▶ [INSTRUCTIONS TO FOLLOW]: Lines before the one containing "mars-sol-1485-anomaly-artifacts-2-was-life-on-mars" are not copied; that line and every one after it, through the end of the material below, are printed exactly, without pictures.

▶ [COLLECTED DATA]:

====

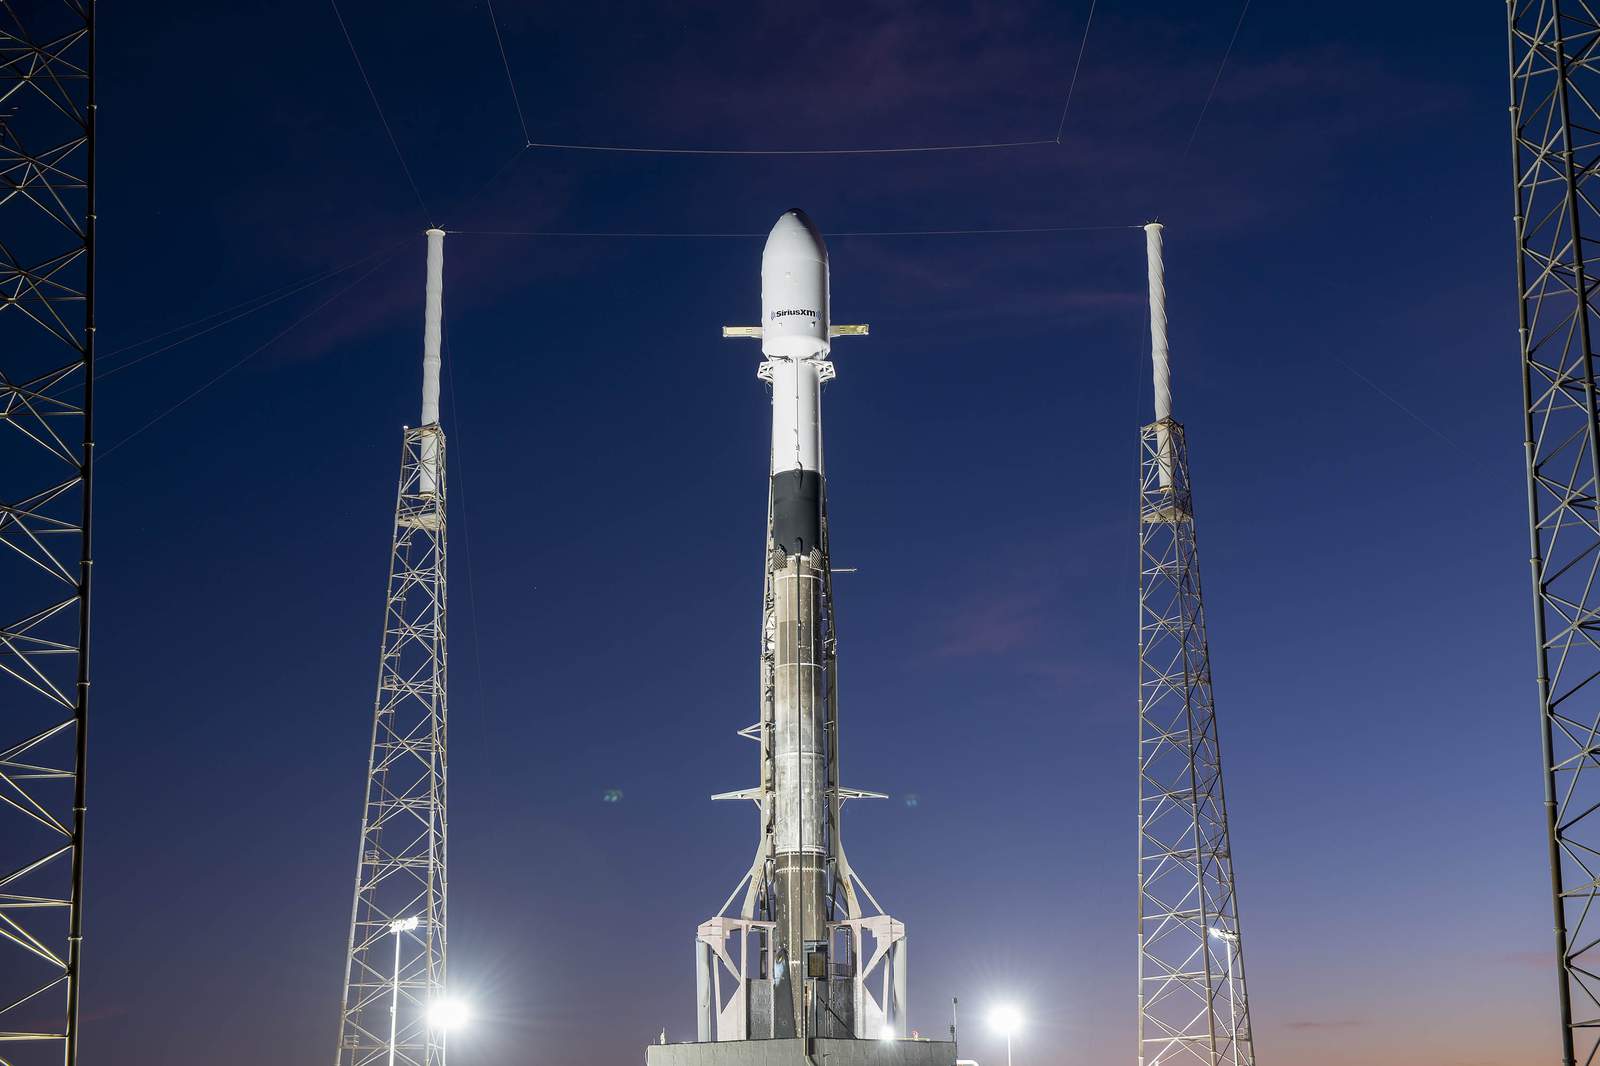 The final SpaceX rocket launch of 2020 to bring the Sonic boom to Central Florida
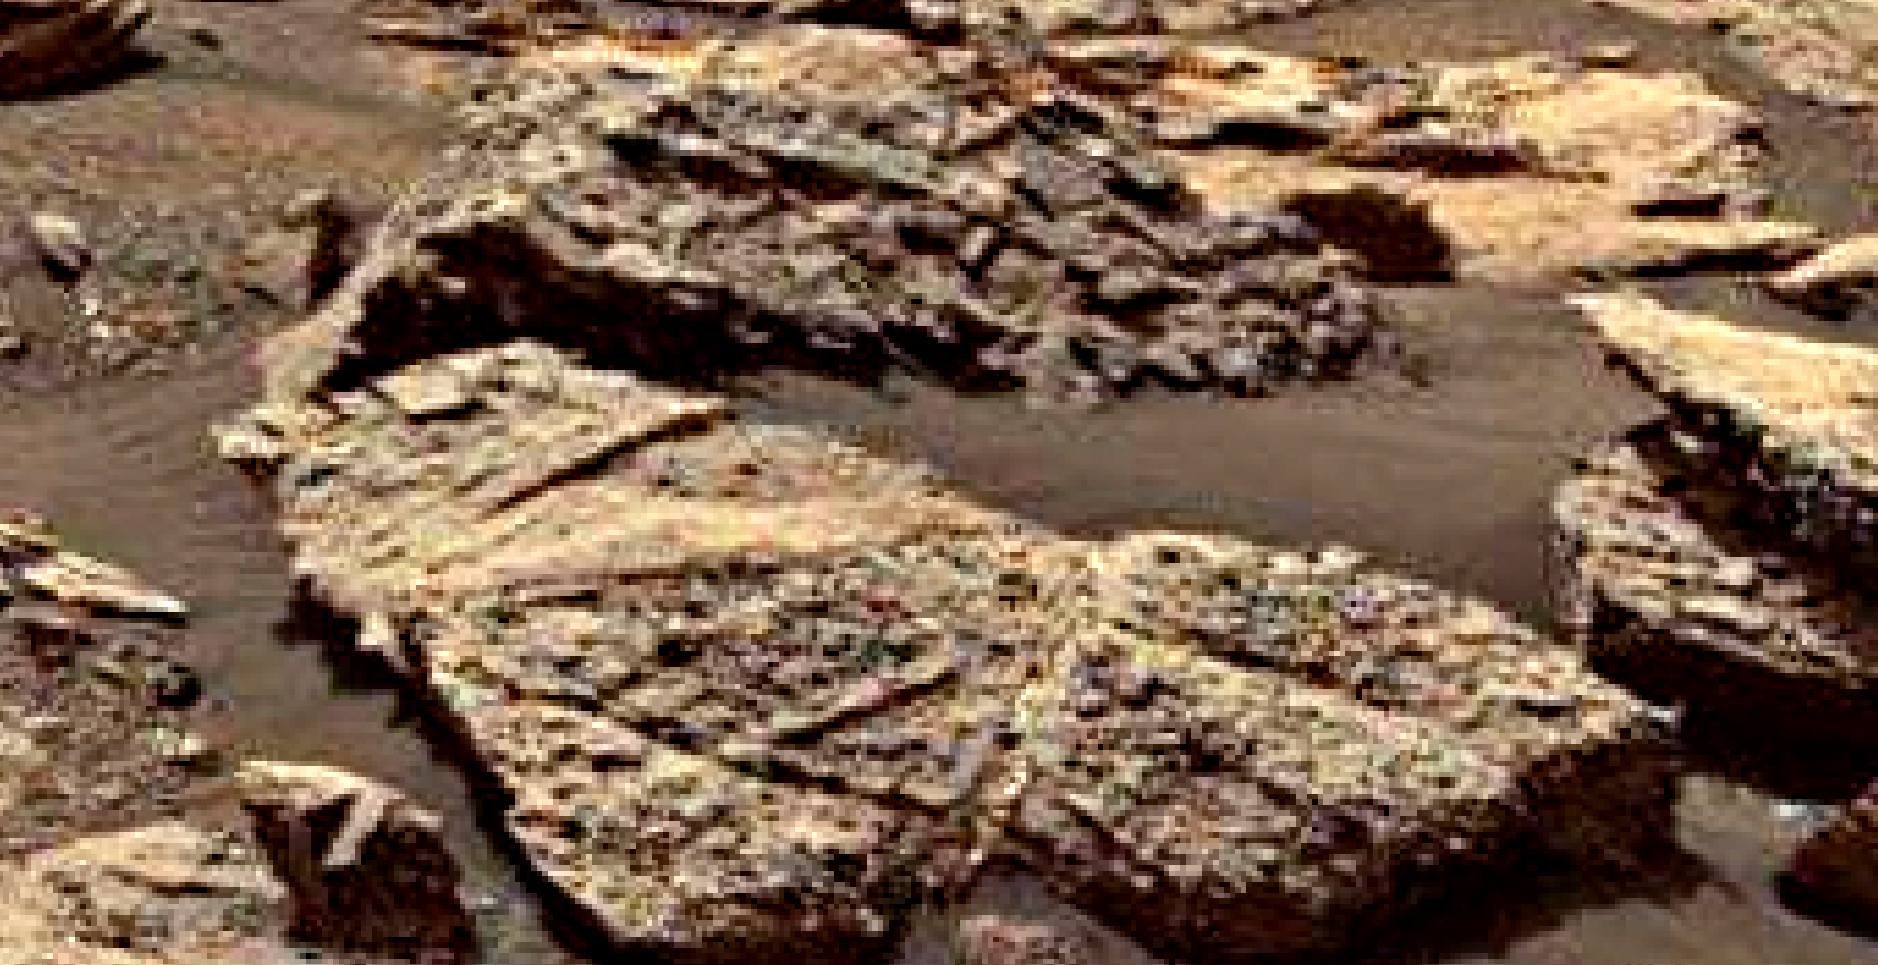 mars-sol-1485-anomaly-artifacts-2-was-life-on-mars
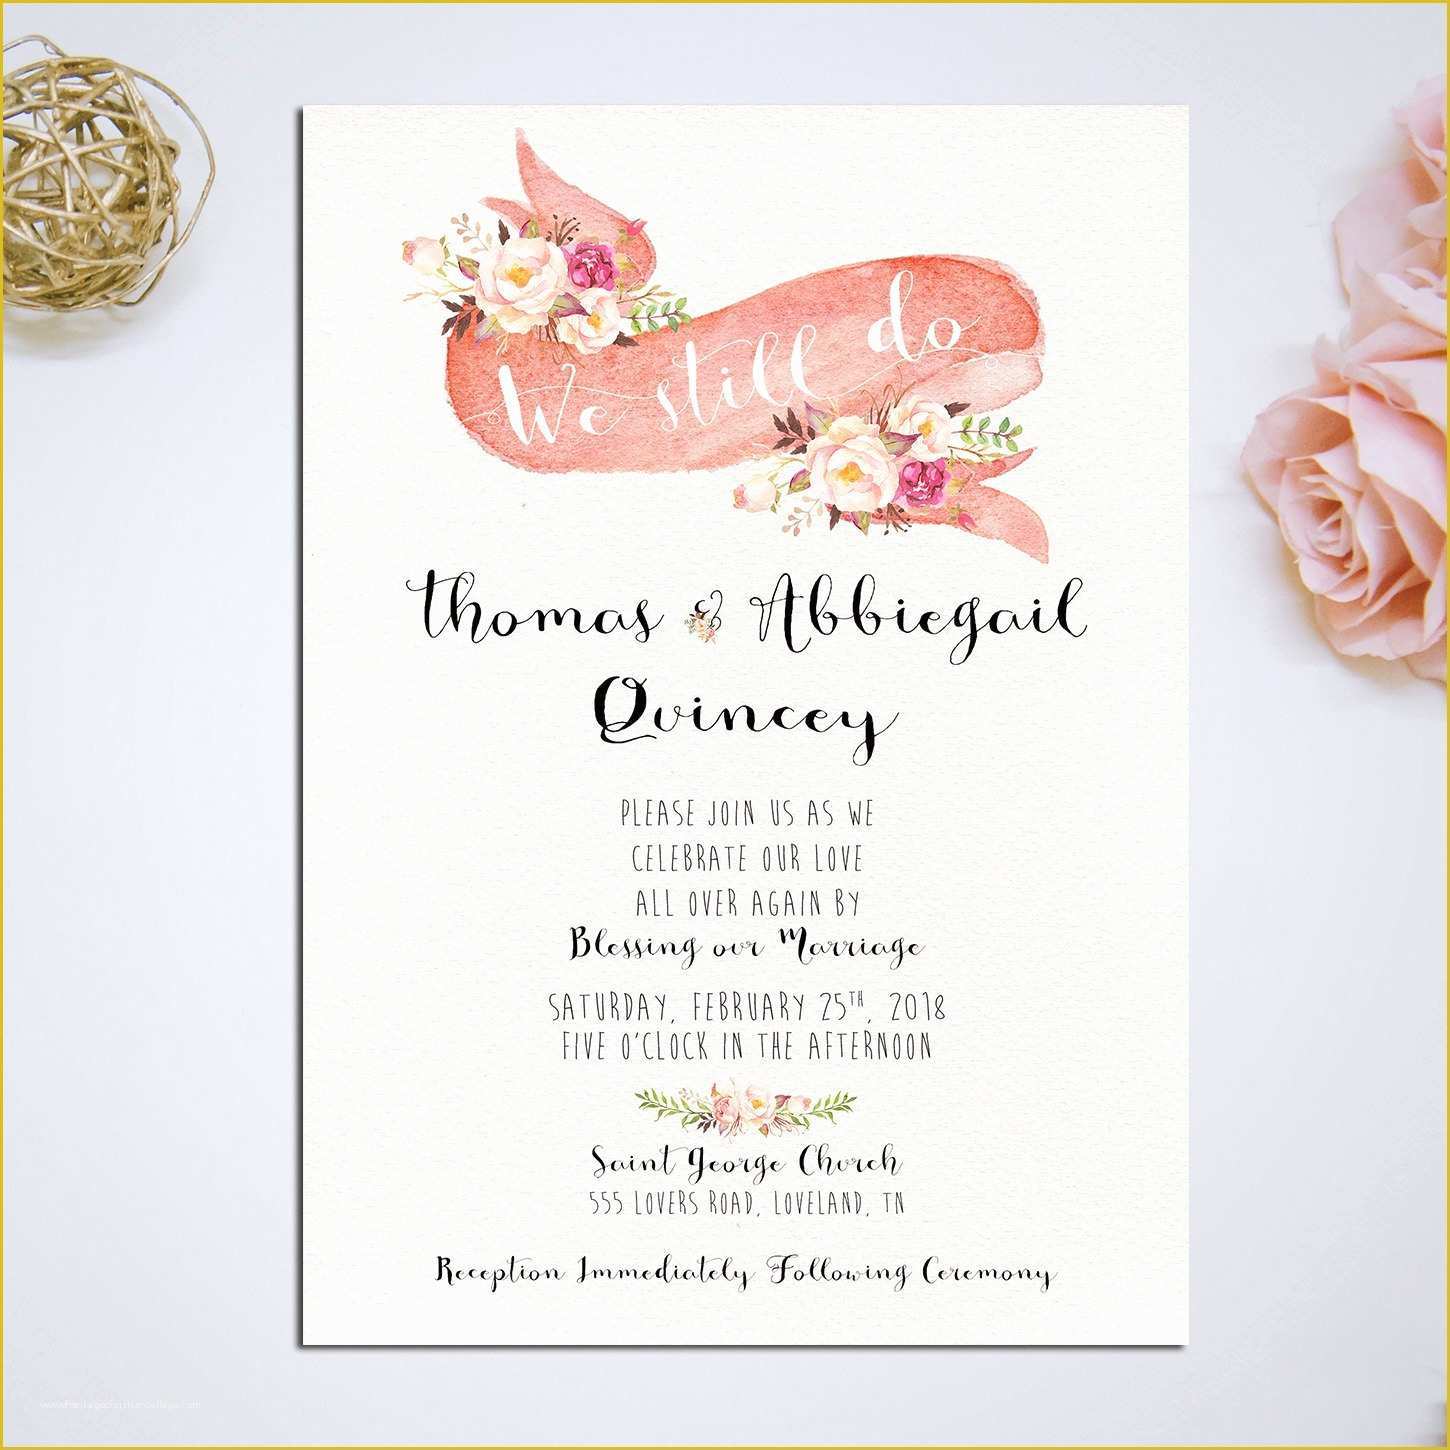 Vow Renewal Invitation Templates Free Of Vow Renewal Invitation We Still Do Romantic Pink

====

▶ [TASK RESPONSE]:
 mars-sol-1485-anomaly-artifacts-2-was-life-on-mars
 Vow Renewal Invitation Templates Free Of Vow Renewal Invitation We Still Do Romantic Pink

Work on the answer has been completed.